- _THE DATA_
****************

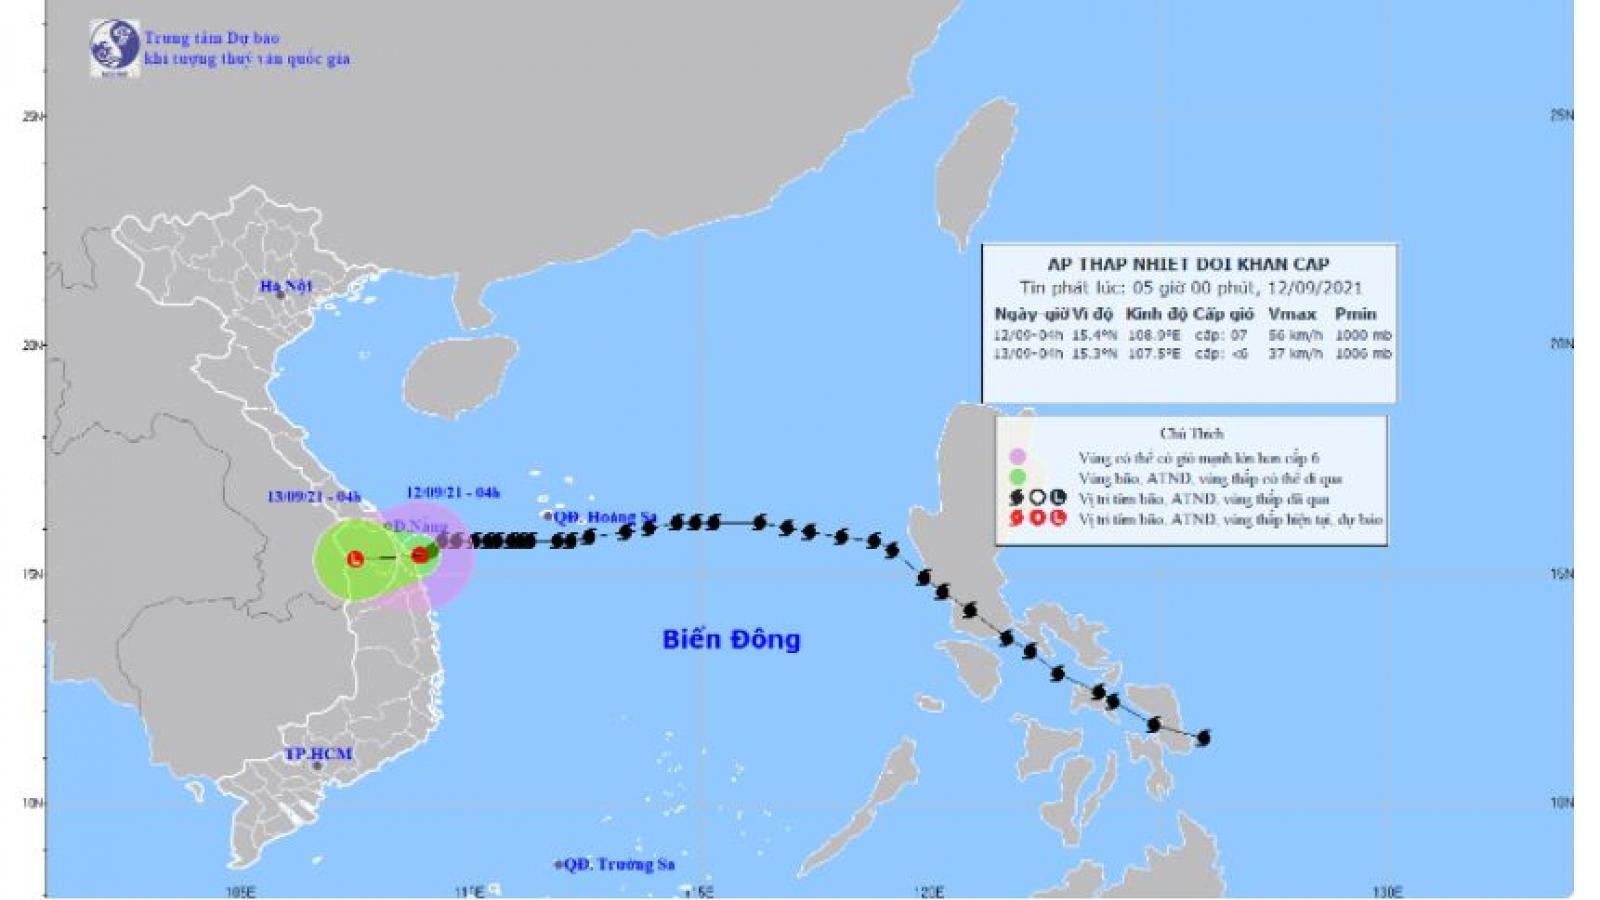 Áp thấp nhiệt đới suy yếu từ cơn bão số 5 đang ở vùng biển từ Đà Nẵng đến Bình Định
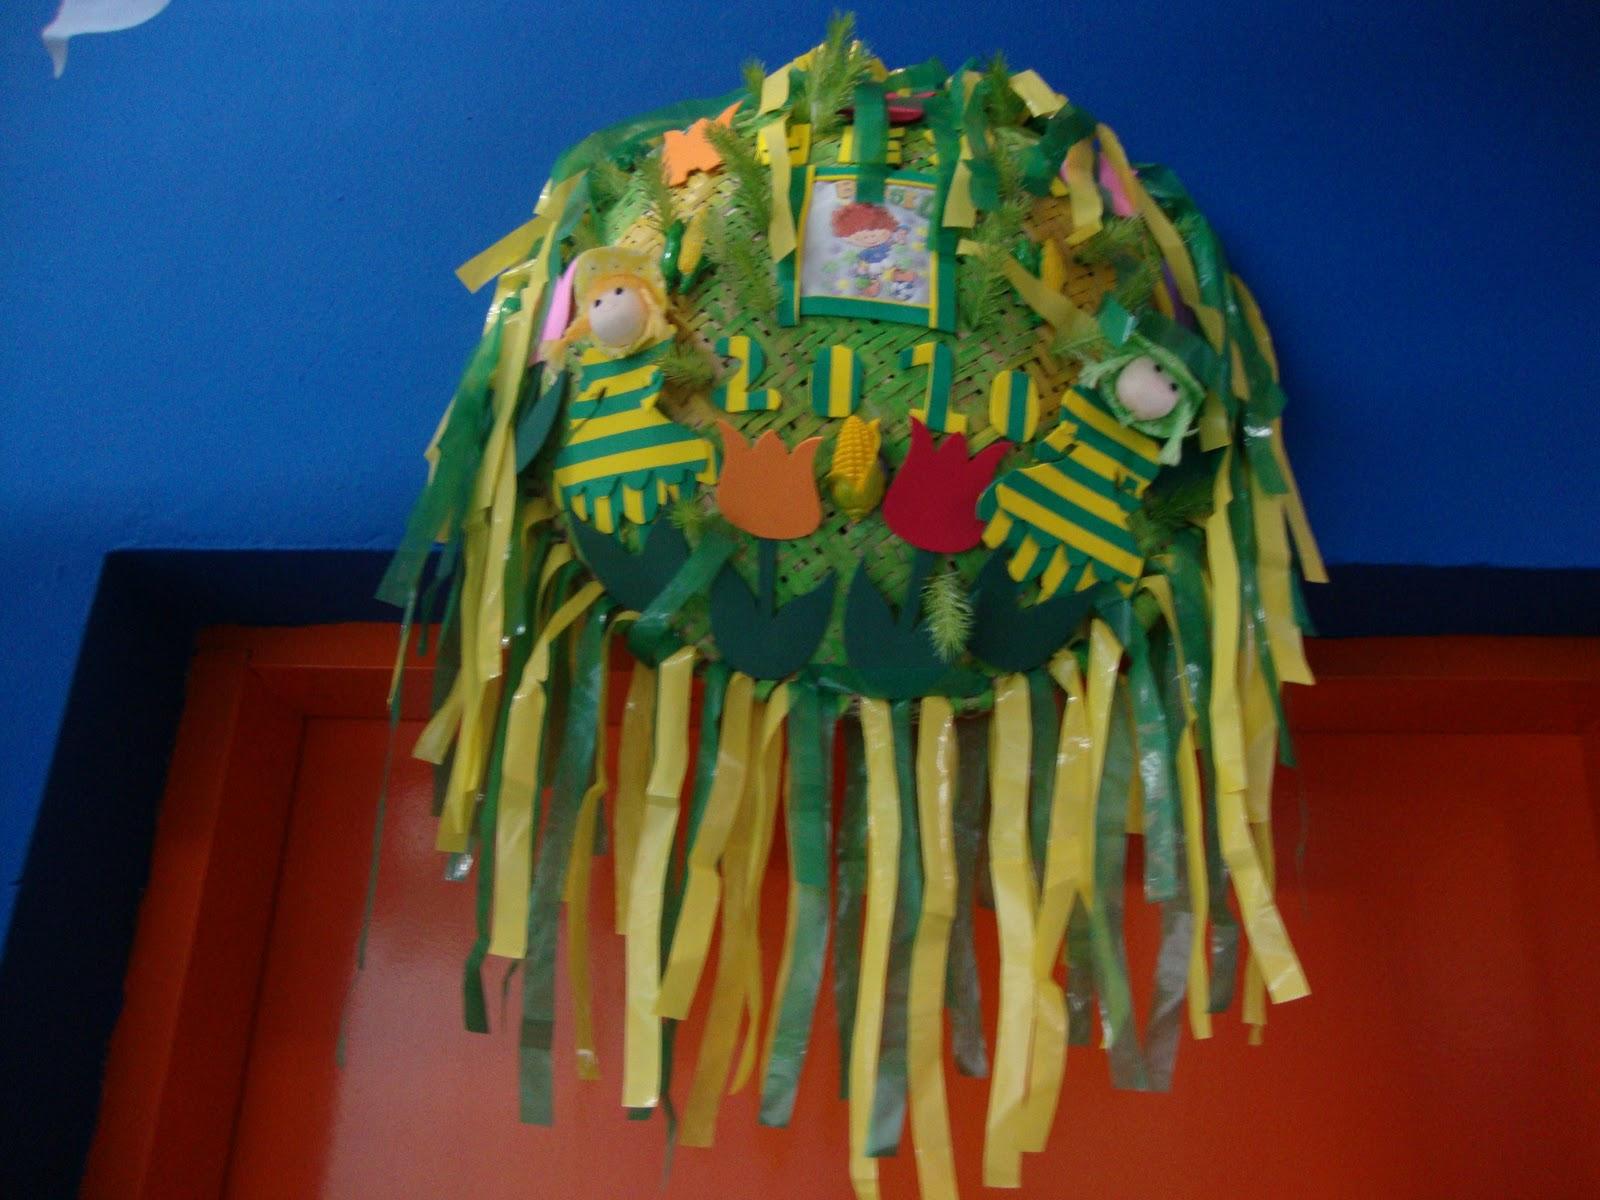 decoracao festa caipira:Educar Sempre: Decoração Festa Caipira
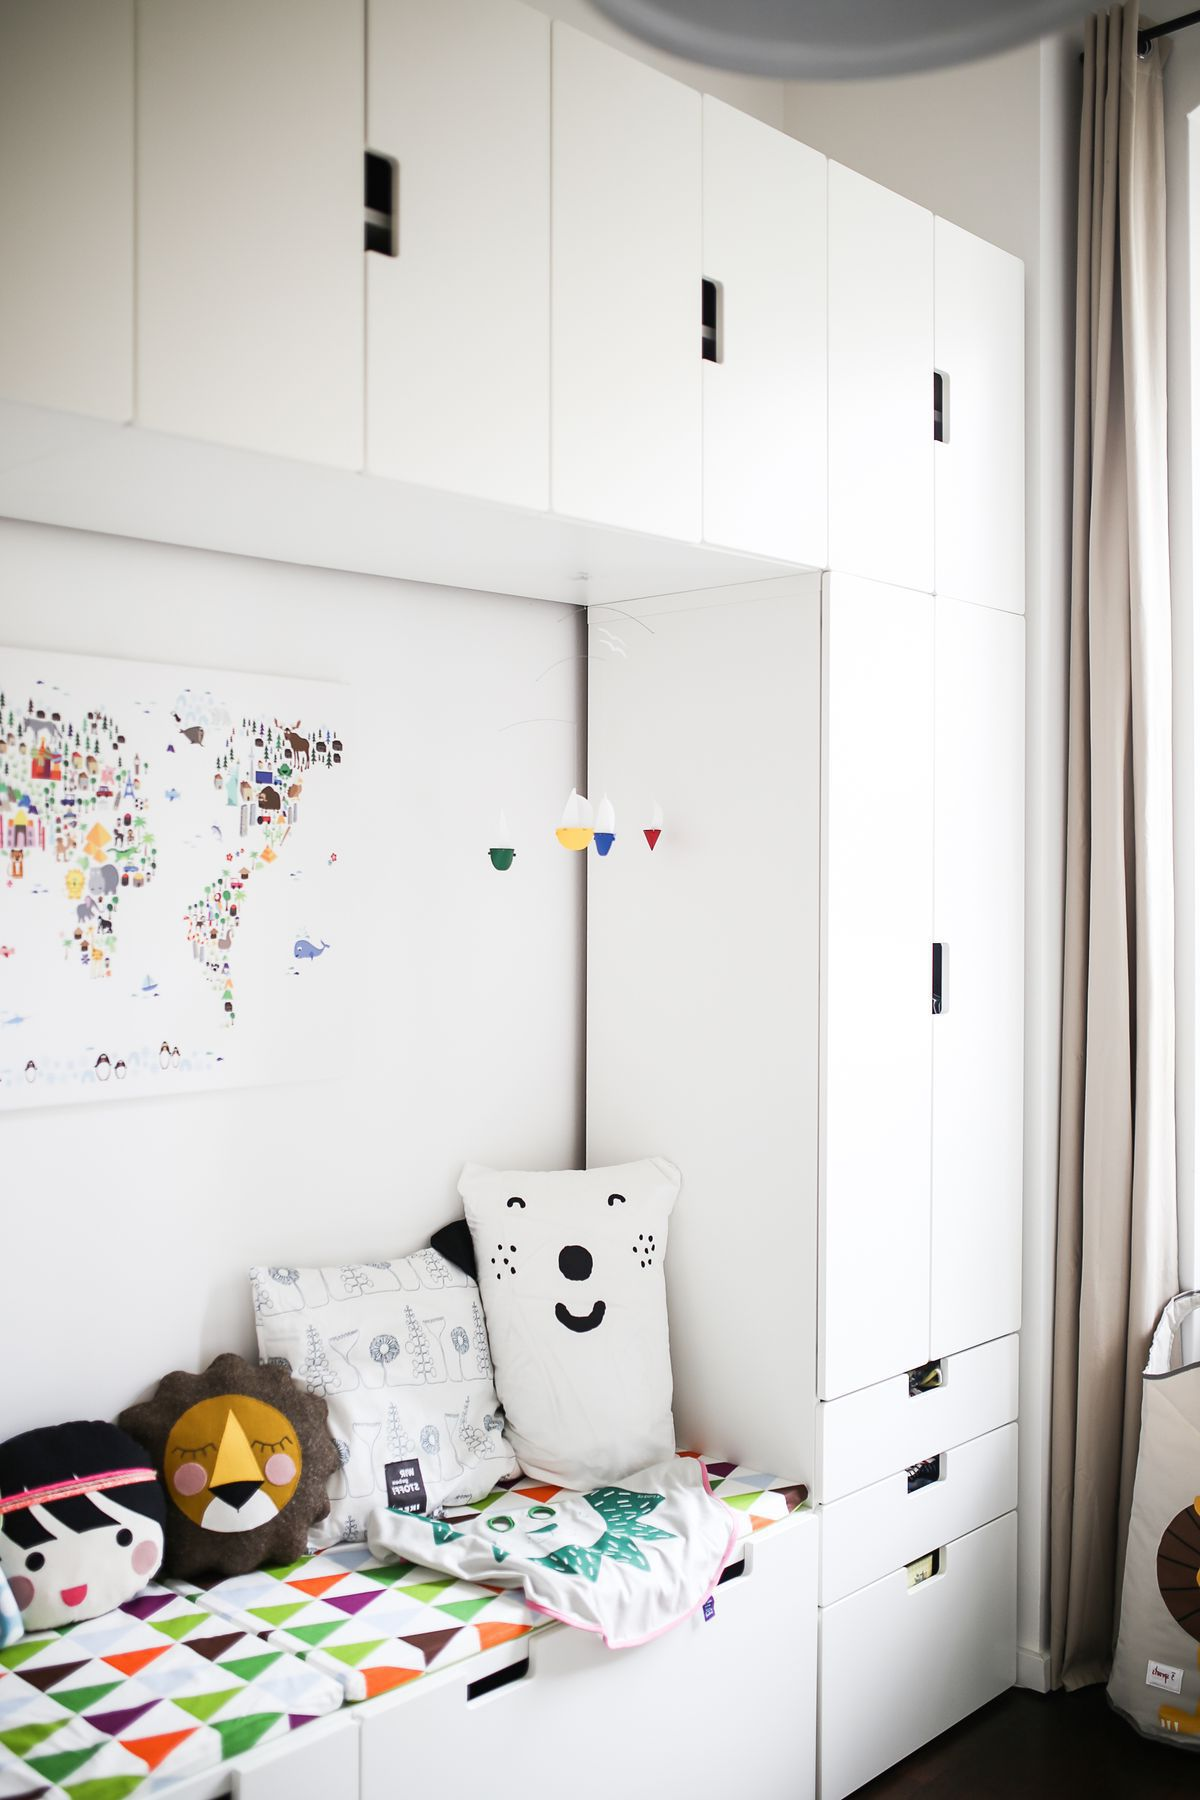 Couch En Opslag Organisatie In De Kinderkamer Met De Hulp

****************

- _TASK DIRECTIONS_
Please copy out each line above exactly as written, but not the pictures.

- _SOLUTION FOR THIS PROBLEM_
 Áp thấp nhiệt đới suy yếu từ cơn bão số 5 đang ở vùng biển từ Đà Nẵng đến Bình Định
 decoracao festa caipira:Educar Sempre: Decoração Festa Caipira
 Couch En Opslag Organisatie In De Kinderkamer Met De Hulp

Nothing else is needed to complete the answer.